Caffeine, Resistance Exercise and EMG

Effect of Acute Caffeine Intake on Muscle Electrical Activity and Muscular Strength, Power, and Endurance Performance

Introduction: Several studies have evaluated and confirmed the ergogenic effects of acute caffeine intake on sports performance. However, some studies suggest that this effect predominantly occurs in large muscle groups, potentially due to increased skeletal muscle electrical activity.

Objectives: This study aims to evaluate the acute effects of caffeine intake on strength, power, muscle endurance, and muscle electrical activity in young adults. It will also analyze the influence of circadian rhythms (morning vs. afternoon) on exercise performance (bench press vs. squat).

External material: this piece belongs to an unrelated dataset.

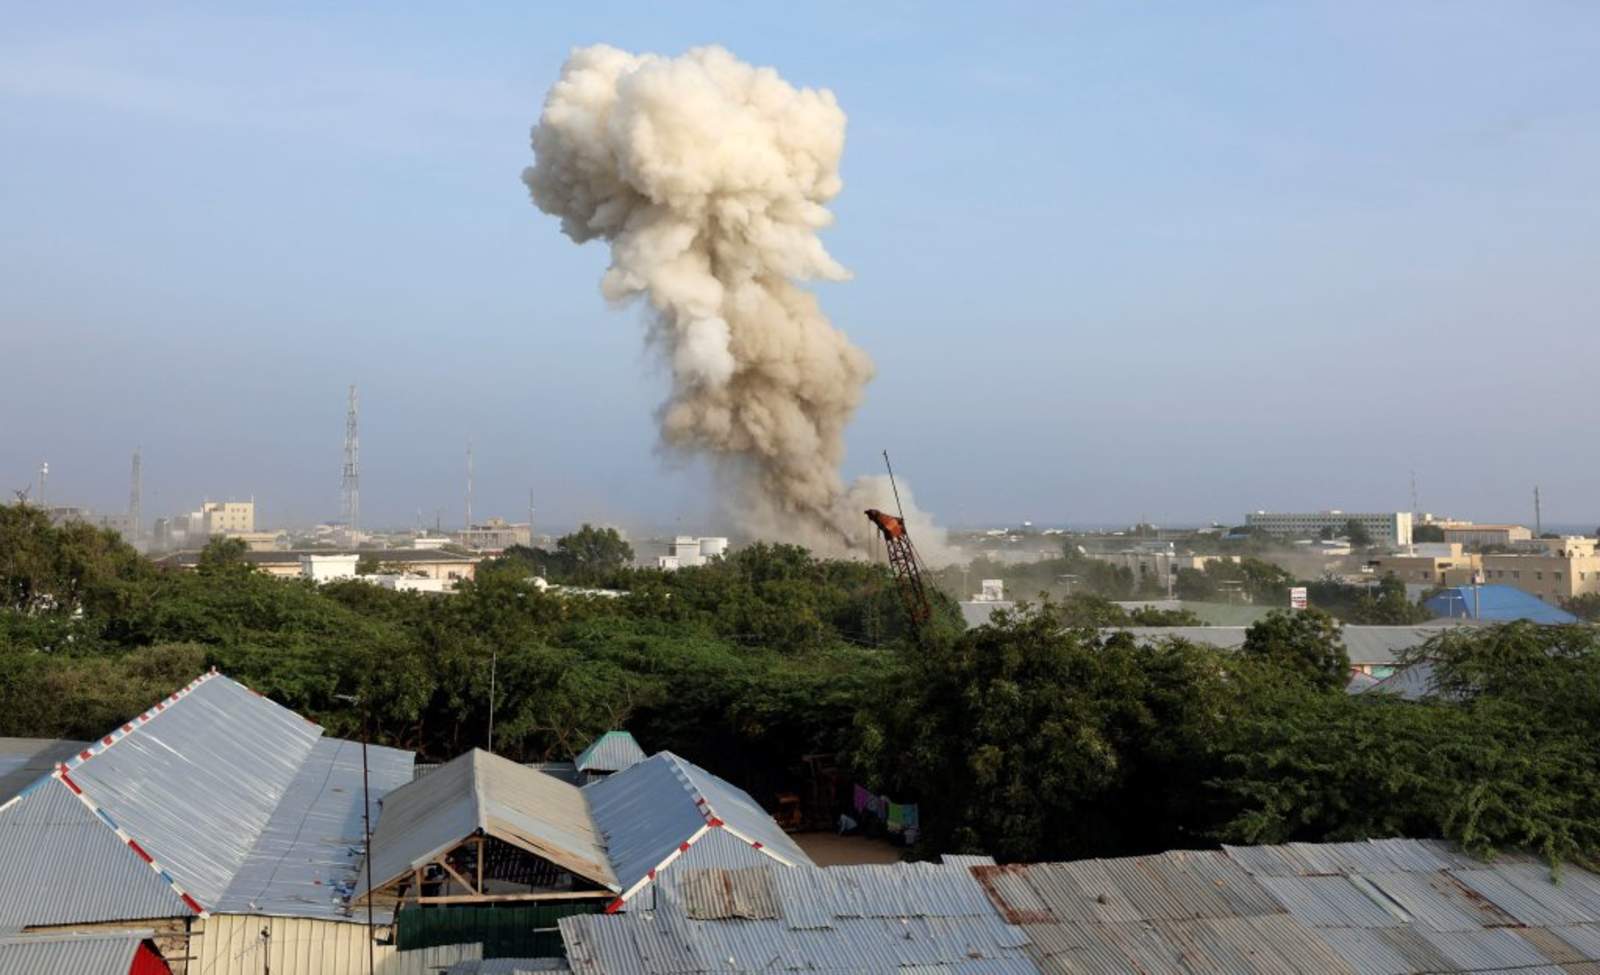 Coches bomba dejan al menos 13 muertos en Somalia. Noticias en tiempo real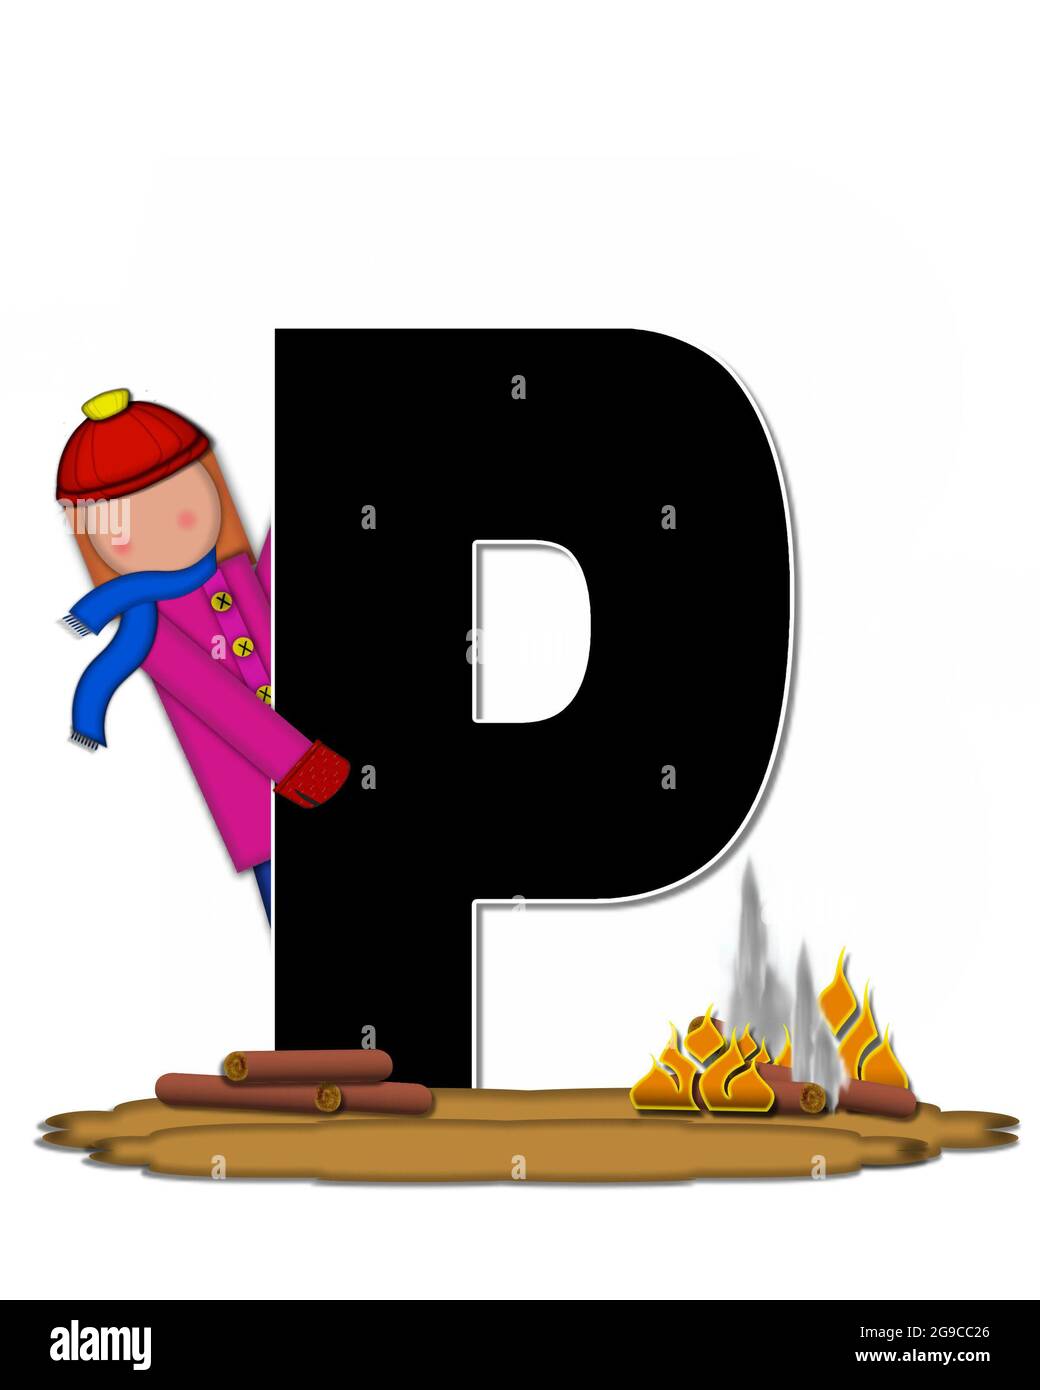 La lettre P, dans l'ensemble de l'alphabet 'Children Camp Fire', est noire  et entourée de blanc. Les enfants sont vêtus de bonnet, de foulard et de  mitaines et à leur Photo Stock -

Methods: Twelve healthy, physically active participants will be recruited for the study. Using a triple-blind, crossover, randomized, and controlled design, participants will ingest either caffeine (3 mg/kg body mass) or a placebo (maltodextrin, 3 mg/kg) 60 minutes before the trial. Muscular strength, power, and endurance performance will then be assessed through 1RM tests, and at 25%, 50%, 75%, and 90% of 1RM, along with muscle endurance tests at 65% of 1RM, for both squat and bench press exercises. EMG will be used to measure skeletal muscle electrical activity during the tests. The experimental sessions will be conducted in the morning (8:00 am to 10:00 am) and the afternoon (4:30 pm to 6:30 pm).

Study Overview

• Status: Completed
• Conditions: Caffeine
• Intervention / Treatment: Dietary supplement: Caffeine; Dietary supplement: Placebo

• Study Type: Interventional
• Enrollment (Actual): 12
• Phase: Not Applicable

Contacts and Locations

Study Locations

• Spain
  • Madrid
    • Alcalá de Henares, Madrid, Spain, 28805
      • Facultad de Medicina y Ciencias de la Salud. Universidad de Alcalá

Participation Criteria

Eligibility Criteria

• Ages Eligible for Study: Adult
• Accepts Healthy Volunteers: Yes

Description

Inclusion Criteria:

• Age between 18 and 35 years.
• Body Mass Index (BMI) < 25 kg/m².
• Resistance-trained individuals (more than 2 years of structured training).
• Healthy men and women without neurological, cardiometabolic, immunological, or physical conditions that prevent them from exercising.
• Participants must be able to perform the tests described in the following section.

Exclusion Criteria:

• History of neuromuscular diseases, heart disease, or conditions that may affect liver or muscle metabolism.
• Use of drugs, stimulants, or sports supplements that could interfere with the dietary supplement used in the study.
• Sedentary habits (less than 150 minutes/week of moderate exercise).
• Having undergone prolonged periods of physical inactivity in the 6 months prior to the study.
• Engaging in strenuous exercise within 48 hours prior to the tests.
• Failure to replicate the same food intake on both experimental days.
• Consumption of caffeine or any other stimulant after 6 pm on the day before the tests, to avoid headaches, discomfort, or lethargy in regular caffeine consumers.

Study Plan

How is the study designed?

Design Details

• Primary Purpose: Other
• Allocation: Randomized
• Interventional Model: Crossover Assignment
• Masking: Double

Number of Arms

4

Arms and Interventions

Participant Group / Arm	Intervention / Treatment
Experimental: Caffeine - Morning	Dietary supplement: Caffeine; Acute caffeine intake (3 mg/kg)
Experimental: Caffeine - Evening	Dietary supplement: Caffeine; Acute caffeine intake (3 mg/kg)
Placebo Comparator: Placebo - Morning	Dietary supplement: Placebo; Acute placebo intake (3 mg/kg of maltodextrin)
Placebo Comparator: Placebo - Evening	Dietary supplement: Placebo; Acute placebo intake (3 mg/kg of maltodextrin)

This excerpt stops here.